• **Your objective**
The material below is to be copied exactly from the line with "答え約束するオッズMEDIMIX メディミックス クラシックオレンジ石鹸3個セット(medimix" up to and including the line with "Костюм домашний женский", with nothing else kept and no pictures.

• **Input for this task**

────────────────────

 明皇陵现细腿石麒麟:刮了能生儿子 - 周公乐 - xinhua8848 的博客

────────────────────

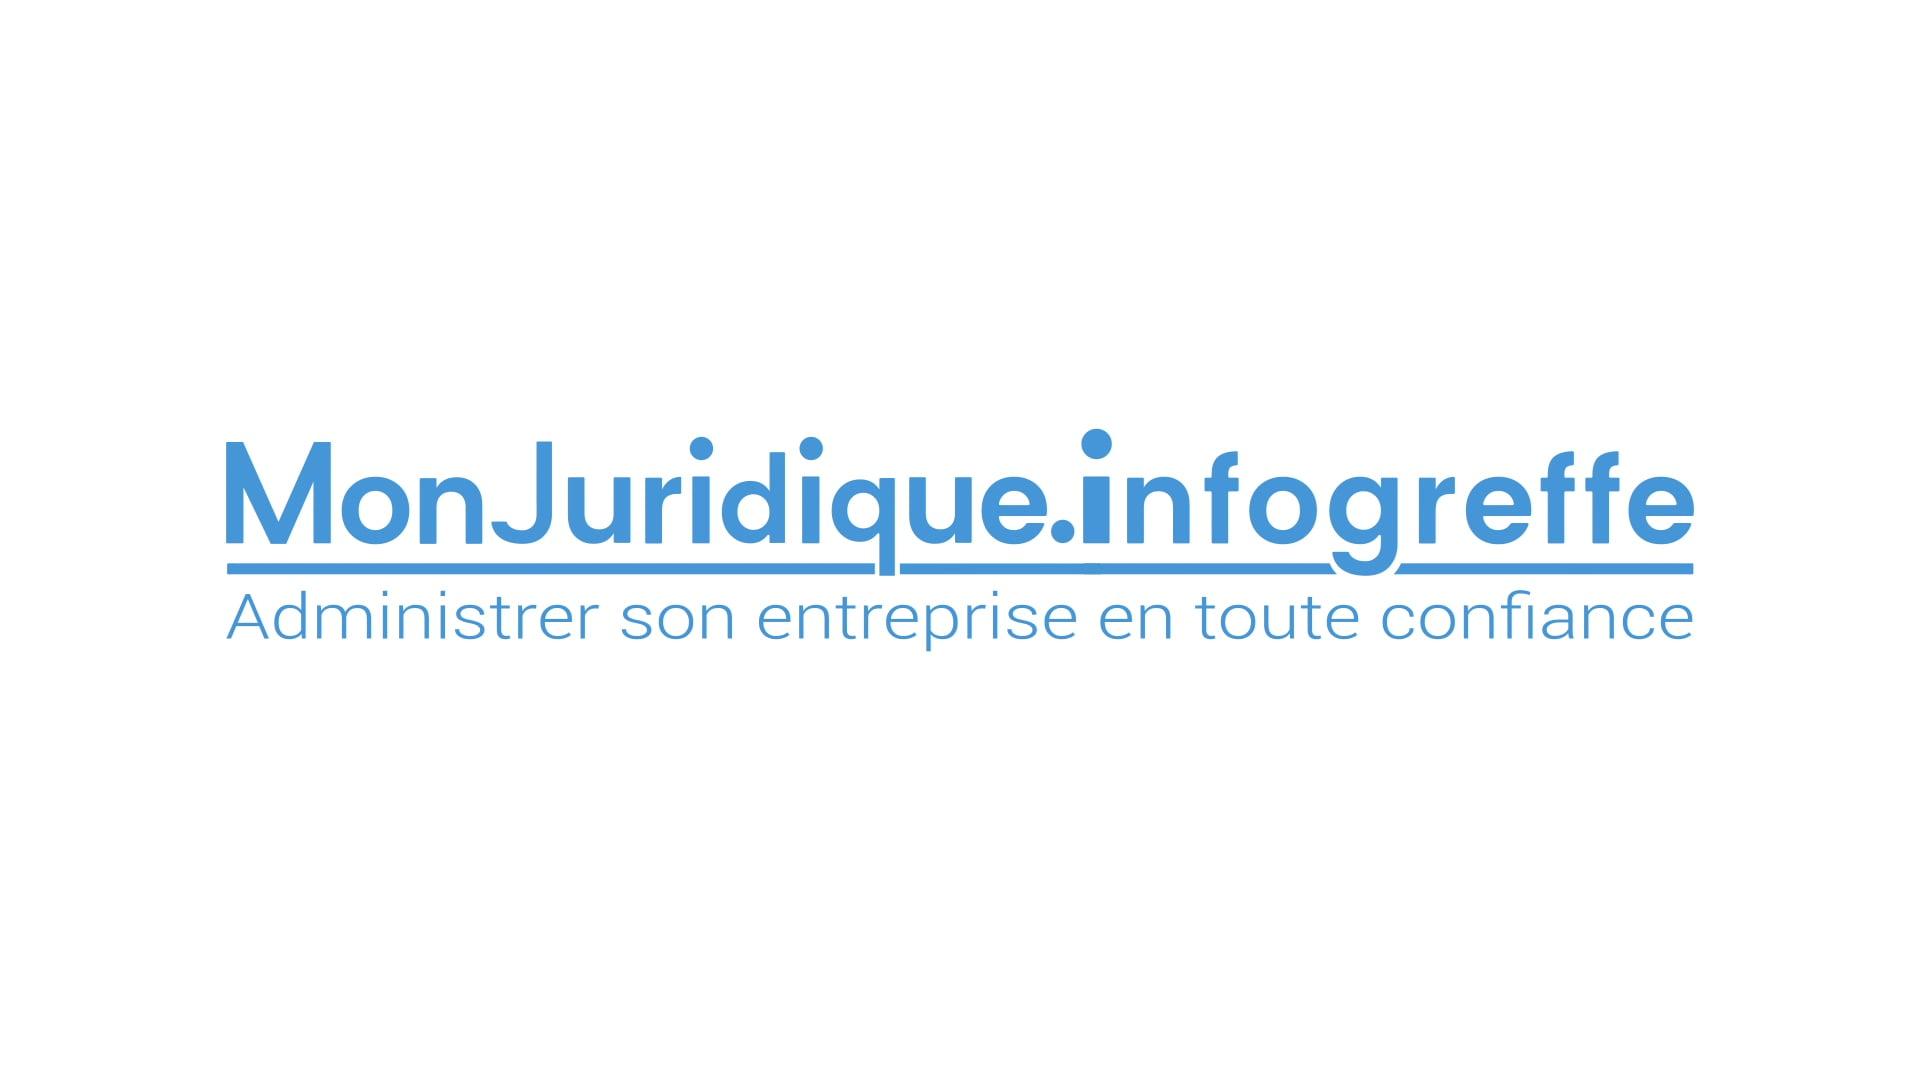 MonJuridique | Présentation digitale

────────────────────

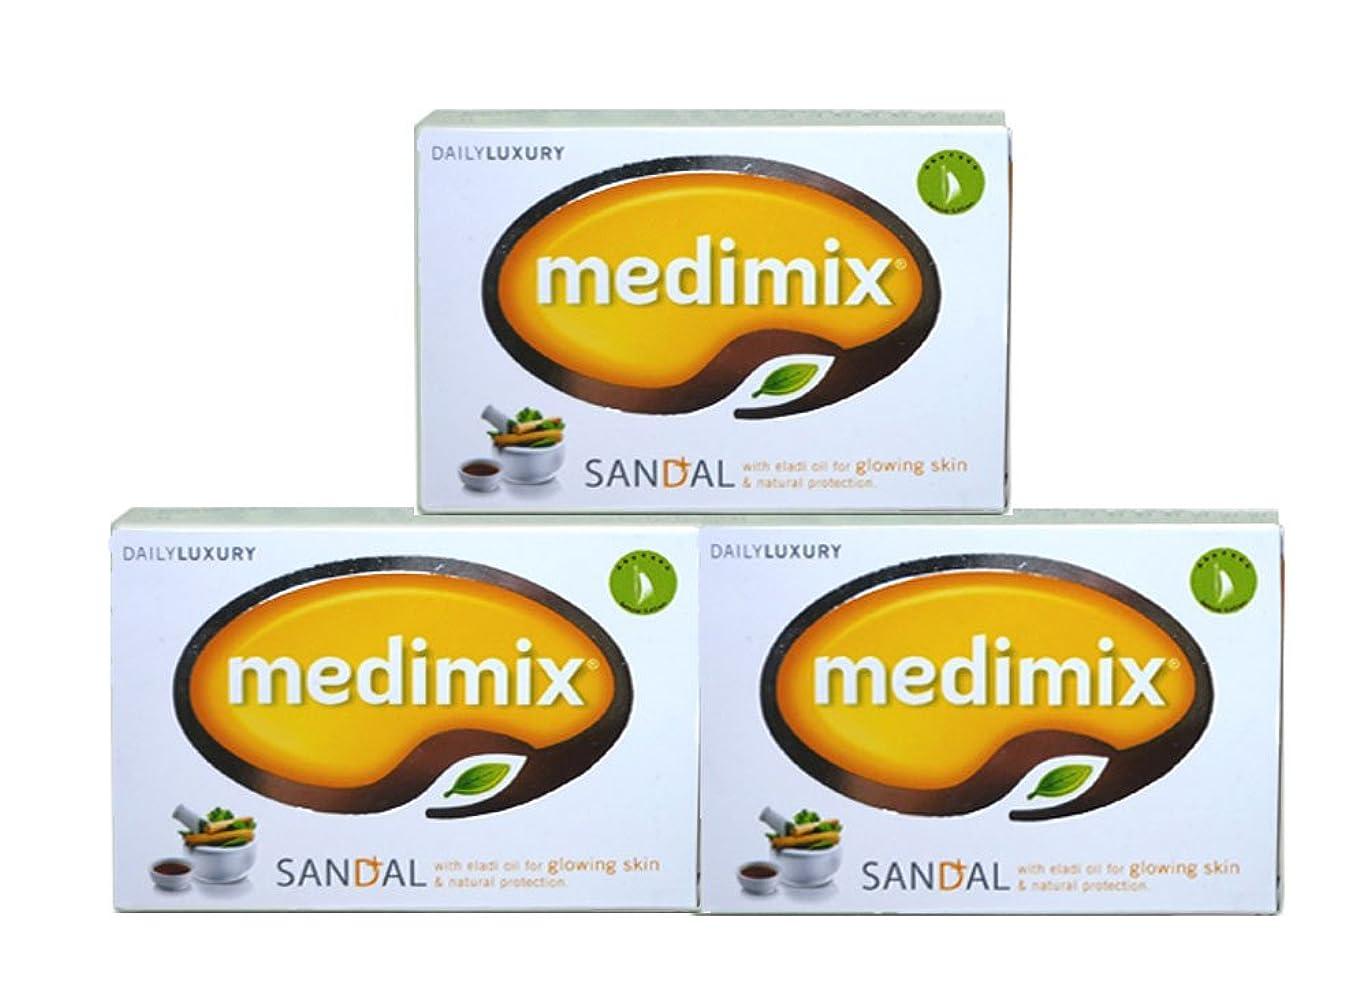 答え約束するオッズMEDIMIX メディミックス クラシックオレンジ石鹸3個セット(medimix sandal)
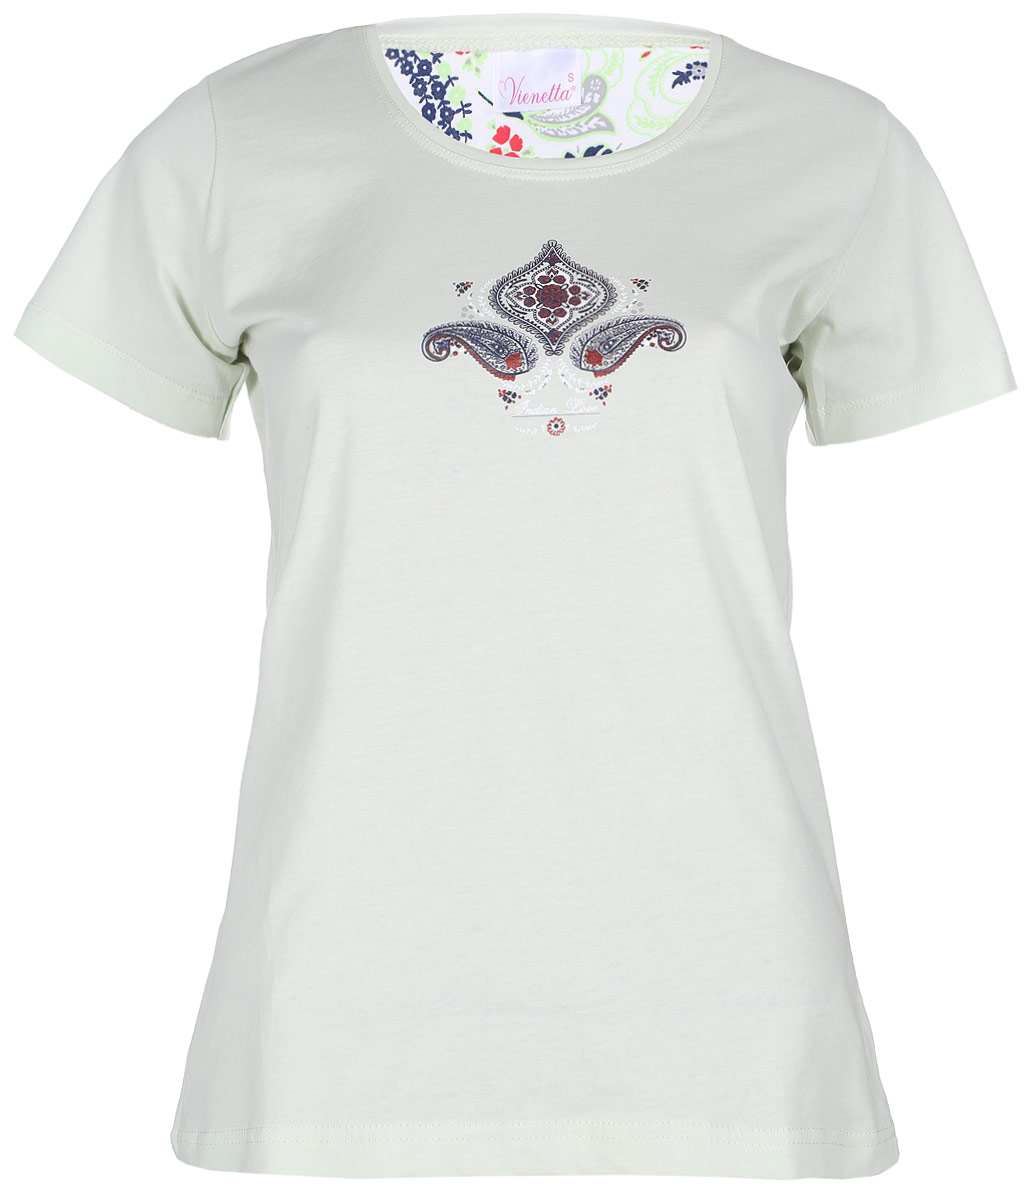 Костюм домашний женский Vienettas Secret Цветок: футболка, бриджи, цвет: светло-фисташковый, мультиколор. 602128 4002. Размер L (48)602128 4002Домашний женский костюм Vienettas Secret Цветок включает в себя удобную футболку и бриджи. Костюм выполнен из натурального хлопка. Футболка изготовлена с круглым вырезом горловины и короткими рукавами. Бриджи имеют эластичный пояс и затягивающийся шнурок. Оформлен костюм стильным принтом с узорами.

────────────────────

• **Exercise output**
 答え約束するオッズMEDIMIX メディミックス クラシックオレンジ石鹸3個セット(medimix sandal)
 Костюм домашний женский Vienettas Secret Цветок: футболка, бриджи, цвет: светло-фисташковый, мультиколор. 602128 4002. Размер L (48)602128 4002Домашний женский костюм Vienettas Secret Цветок включает в себя удобную футболку и бриджи. Костюм выполнен из натурального хлопка. Футболка изготовлена с круглым вырезом горловины и короткими рукавами. Бриджи имеют эластичный пояс и затягивающийся шнурок. Оформлен костюм стильным принтом с узорами.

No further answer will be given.